TASK REQUIREMENTS: Find the lines below in which the string "Book" occurs. Copy each one.

TASK DATA:

▶

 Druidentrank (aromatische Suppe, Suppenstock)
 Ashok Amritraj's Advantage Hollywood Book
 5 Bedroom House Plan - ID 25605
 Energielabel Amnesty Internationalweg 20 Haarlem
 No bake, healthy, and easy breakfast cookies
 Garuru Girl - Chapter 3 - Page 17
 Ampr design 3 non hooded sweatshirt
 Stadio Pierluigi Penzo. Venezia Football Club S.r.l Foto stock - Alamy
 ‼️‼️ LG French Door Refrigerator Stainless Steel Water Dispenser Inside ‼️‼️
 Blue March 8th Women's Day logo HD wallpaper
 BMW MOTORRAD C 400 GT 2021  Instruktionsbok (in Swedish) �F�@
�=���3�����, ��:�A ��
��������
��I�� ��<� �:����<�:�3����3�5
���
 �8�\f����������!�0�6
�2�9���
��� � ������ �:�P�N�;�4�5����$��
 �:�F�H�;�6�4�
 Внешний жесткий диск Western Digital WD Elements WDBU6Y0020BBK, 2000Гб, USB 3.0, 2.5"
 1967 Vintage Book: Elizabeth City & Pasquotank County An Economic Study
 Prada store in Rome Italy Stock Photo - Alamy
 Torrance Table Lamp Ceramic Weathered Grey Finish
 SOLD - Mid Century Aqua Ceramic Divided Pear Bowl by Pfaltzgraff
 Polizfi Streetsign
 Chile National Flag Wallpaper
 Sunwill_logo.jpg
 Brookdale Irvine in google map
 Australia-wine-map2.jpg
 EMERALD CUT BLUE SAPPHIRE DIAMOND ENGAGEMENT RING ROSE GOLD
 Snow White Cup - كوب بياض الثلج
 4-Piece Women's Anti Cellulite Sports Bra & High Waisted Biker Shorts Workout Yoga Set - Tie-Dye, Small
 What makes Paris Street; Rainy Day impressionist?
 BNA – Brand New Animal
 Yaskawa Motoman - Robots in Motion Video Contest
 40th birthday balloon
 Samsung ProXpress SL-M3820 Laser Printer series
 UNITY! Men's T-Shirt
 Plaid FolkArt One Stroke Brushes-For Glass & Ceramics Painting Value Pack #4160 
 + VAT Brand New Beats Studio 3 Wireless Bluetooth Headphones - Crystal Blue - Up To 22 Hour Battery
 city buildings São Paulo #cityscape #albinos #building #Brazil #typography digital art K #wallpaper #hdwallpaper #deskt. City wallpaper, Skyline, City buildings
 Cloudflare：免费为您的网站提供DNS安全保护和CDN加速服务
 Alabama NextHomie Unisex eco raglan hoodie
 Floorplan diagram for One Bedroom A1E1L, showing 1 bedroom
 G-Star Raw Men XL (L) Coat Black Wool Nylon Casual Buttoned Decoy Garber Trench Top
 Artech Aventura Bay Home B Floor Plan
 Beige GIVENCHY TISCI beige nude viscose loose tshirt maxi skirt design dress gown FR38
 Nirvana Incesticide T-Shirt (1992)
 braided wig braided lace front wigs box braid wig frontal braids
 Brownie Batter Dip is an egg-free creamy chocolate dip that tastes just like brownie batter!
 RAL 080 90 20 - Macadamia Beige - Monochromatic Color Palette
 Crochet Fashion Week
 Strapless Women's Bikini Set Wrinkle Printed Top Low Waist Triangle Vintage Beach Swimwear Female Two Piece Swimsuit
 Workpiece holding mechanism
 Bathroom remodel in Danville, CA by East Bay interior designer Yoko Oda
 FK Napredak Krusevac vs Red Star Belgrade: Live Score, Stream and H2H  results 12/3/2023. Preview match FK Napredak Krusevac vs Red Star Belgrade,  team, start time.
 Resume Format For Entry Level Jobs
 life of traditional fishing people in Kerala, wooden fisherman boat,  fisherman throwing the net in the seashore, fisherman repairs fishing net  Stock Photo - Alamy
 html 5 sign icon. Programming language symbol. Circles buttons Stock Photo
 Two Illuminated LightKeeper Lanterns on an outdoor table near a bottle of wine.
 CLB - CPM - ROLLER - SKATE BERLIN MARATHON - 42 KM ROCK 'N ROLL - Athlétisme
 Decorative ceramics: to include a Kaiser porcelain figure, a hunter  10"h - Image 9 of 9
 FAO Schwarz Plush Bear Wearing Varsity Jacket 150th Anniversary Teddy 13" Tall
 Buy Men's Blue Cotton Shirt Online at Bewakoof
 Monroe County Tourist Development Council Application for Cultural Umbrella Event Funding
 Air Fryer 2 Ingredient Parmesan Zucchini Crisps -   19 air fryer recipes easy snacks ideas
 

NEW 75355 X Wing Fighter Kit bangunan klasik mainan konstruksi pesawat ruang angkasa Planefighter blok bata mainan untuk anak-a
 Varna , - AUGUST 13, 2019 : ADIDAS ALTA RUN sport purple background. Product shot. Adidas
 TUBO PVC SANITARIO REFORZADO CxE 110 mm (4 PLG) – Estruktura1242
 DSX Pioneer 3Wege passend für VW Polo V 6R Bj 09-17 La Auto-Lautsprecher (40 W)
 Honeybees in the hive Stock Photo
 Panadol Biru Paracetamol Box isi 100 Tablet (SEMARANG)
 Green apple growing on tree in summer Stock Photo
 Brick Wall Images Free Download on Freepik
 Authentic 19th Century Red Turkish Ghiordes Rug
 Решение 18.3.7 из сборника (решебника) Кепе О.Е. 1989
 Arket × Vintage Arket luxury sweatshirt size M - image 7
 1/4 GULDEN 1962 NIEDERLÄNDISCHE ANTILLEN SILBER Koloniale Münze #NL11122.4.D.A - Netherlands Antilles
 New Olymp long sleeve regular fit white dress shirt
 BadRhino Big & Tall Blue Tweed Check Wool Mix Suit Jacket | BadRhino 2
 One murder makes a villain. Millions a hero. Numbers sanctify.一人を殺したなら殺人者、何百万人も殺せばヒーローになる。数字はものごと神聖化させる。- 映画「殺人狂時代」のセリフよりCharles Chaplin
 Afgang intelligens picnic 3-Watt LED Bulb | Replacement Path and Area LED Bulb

◀

TASK SOLUTION:
 Ashok Amritraj's Advantage Hollywood Book
 1967 Vintage Book: Elizabeth City & Pasquotank County An Economic Study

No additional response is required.